Our Agreement with Trans-Science, Inc.

        In January 2006, we entered into a Support Services Agreement with Trans-Science, Inc., or Trans-Science, one of our principal shareholders. Under the terms of the agreement, we agreed to establish a registered entity in Japan that would be mutually agreeable to both parties after consulting our legal and tax advisors. Trans-Science agreed to provide support services necessary in connection with the establishment of our Japanese entity at the direction of a representative designated by us. We designated Tomomi Okamoto, one of the members of our board of directors and the senior operating officer and chief technology officer of Trans-Science, as our representative to coordinate the establishment of our Japanese entity and direct the support services to be provided. Such services included, among others, assistance in determining the legal form of entity in Japan and its establishment; assistance with business development activities to be designated by our board of directors; provide investor relations support and communications with our current Japanese shareholders; and provide support for any attempt to offer our capital stock in a public offering in Japan if we would so choose. In consideration for such services, we agreed to pay Trans-Science a service fee of $75,000 per quarter for the term of the agreement, in addition to any fees and expenses incurred by Trans-Science in establishing the Japanese legal entity. We did not provide additional compensation under the terms of the agreement to Ms. Okamoto. Trans-Science was responsible for paying all compensation earned by Ms. Okamoto in acting as our designated representative under the agreement.

        The agreement was amended effective January 1, 2007, to govern the relationship between the parties through April 30, 2007. The amendment provided that during this term, the fee payable to Trans- Science was $36,000, in addition to reasonable expenses pre-approved by Quark, incurred by Trans-Science in connection with the agreement. The agreement terminated on April 30, 2007.

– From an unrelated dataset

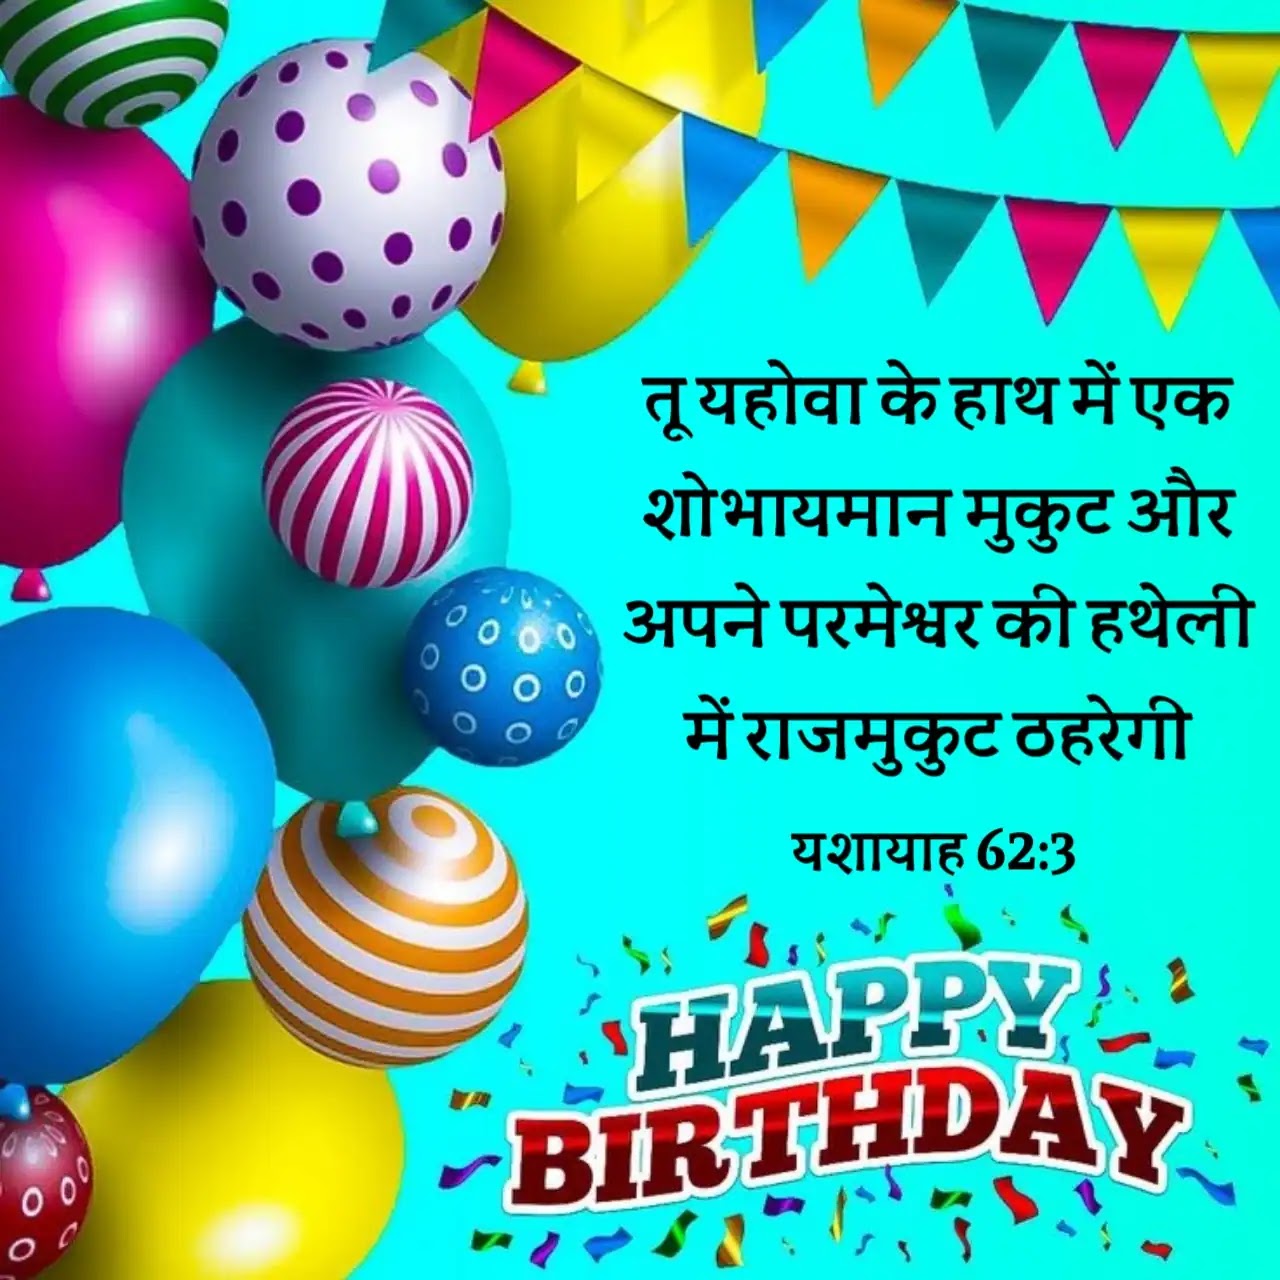 Happy Birthday Wishes Images With Bible Verses In Hindi - Click Bibles

Indemnification Agreements with Executive Officers and Directors

        Effective upon the closing of this offering, we will have entered into an indemnification agreement with each of our directors and executive officers. These indemnification agreements and our amended and restated articles of incorporation and amended and restated bylaws will indemnify each of our directors and officers to the fullest extent permitted by the California Corporations Code. See "Management — Limitation of Liability and Indemnification."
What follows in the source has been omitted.